Recipient of the Immersion program of the Fondation d’entreprise Hermès, American photographer Raymond Meeks spent a long time in France in the year 2022. He photographed in the South, on the border with Spain, and on the northern coast around Calais, two crossing points for asylum seekers on their way to England. He has chosen not to photograph the faces of the displaced, but rather the traces and residue of their itinerancy. There’s a shoe in the dirt, a blanket rolled up on the ground, a jacket hanging on the branches... Meeks is especially attentive to the inhospitable spaces migrants temporarily inhabit: ditches, embankments, motorway roadsides, riverbanks, wastelands and other non-places. Even when not directly visible, rivers are omnipresent in his images. These waterways might even act as a metaphor for migration flows. There are also many obstacles–stony embankments, concrete blocks, brambles or barbed wire–which might only suggest the plight of refugees on a daily basis. The Bourgeois de Calais, as sculpted by Auguste Rodin, also appear in the series, bearing witness to the catastrophic history of the 100 Years’ War.

The project is accompanied by a text from American writer George Weld, who shares with Meeks’ photographs a similar approach marked by discretion and empathy.

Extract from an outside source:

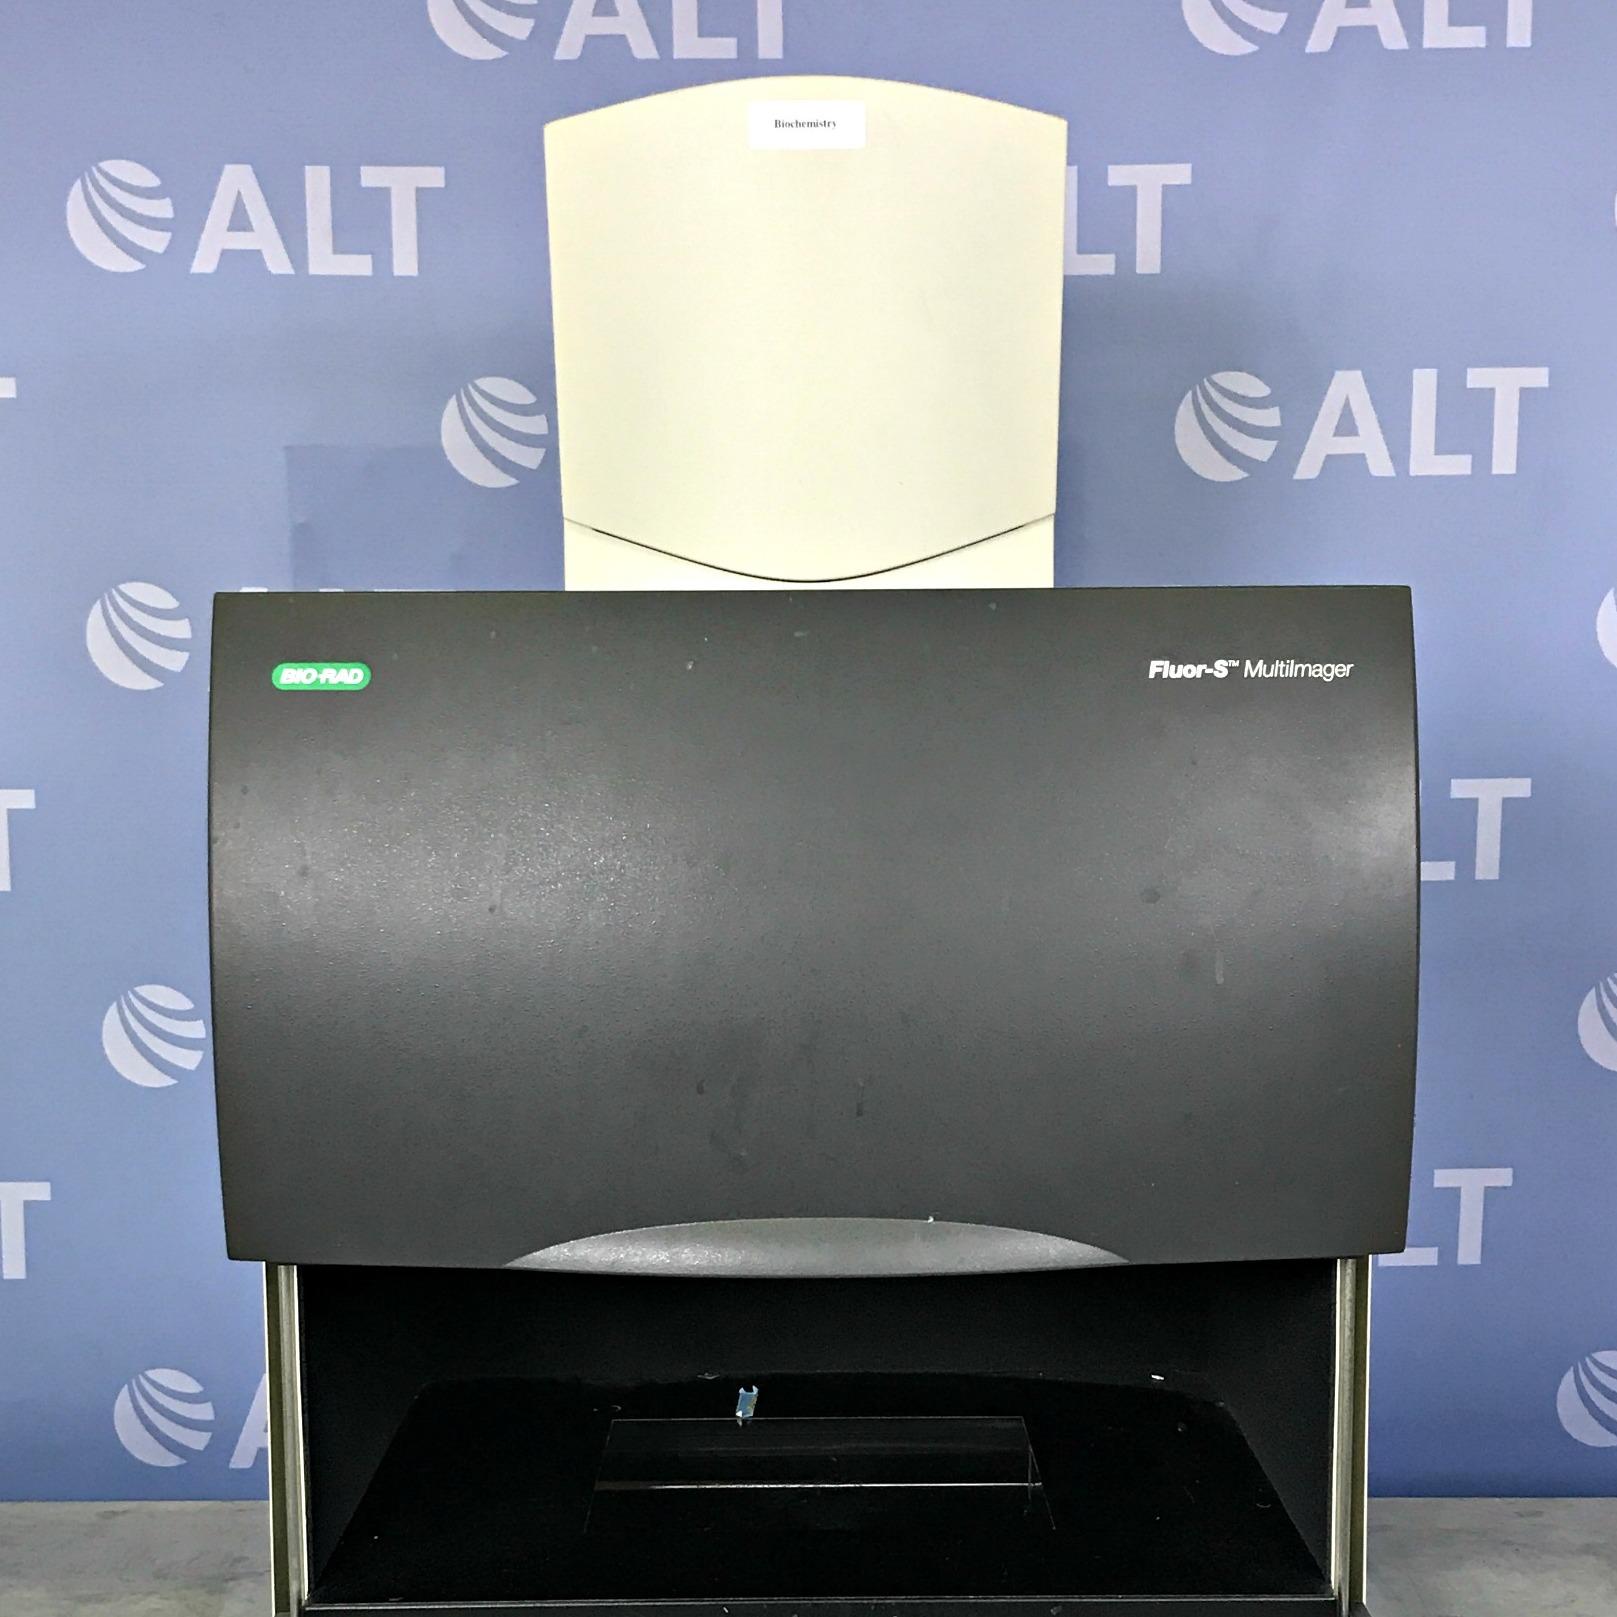 Bio-Rad Fluor-S MultiImager Image

Raymond Meeks (Ohio, 1963) has been recognized for his books and pictures centered on memory and place, the way in which a landscape can shape an individual and, in the abstract, how a place possesses you in its absence. Meeks lives and works in the Hudson Valley (New York). He is the sixth laureate of Immersion, a French-American photography commission sponsored by Fondation d’entreprise Hermès. The Inhabitants, a book made in collaboration with writer George Weld, was published in August 2023 by MACK. Raymond Meeks is a 2020 recipient of a Guggenheim Foundation Fellowship in Photography and was awarded a Pollock-Krasner Foundation Grant in 2022.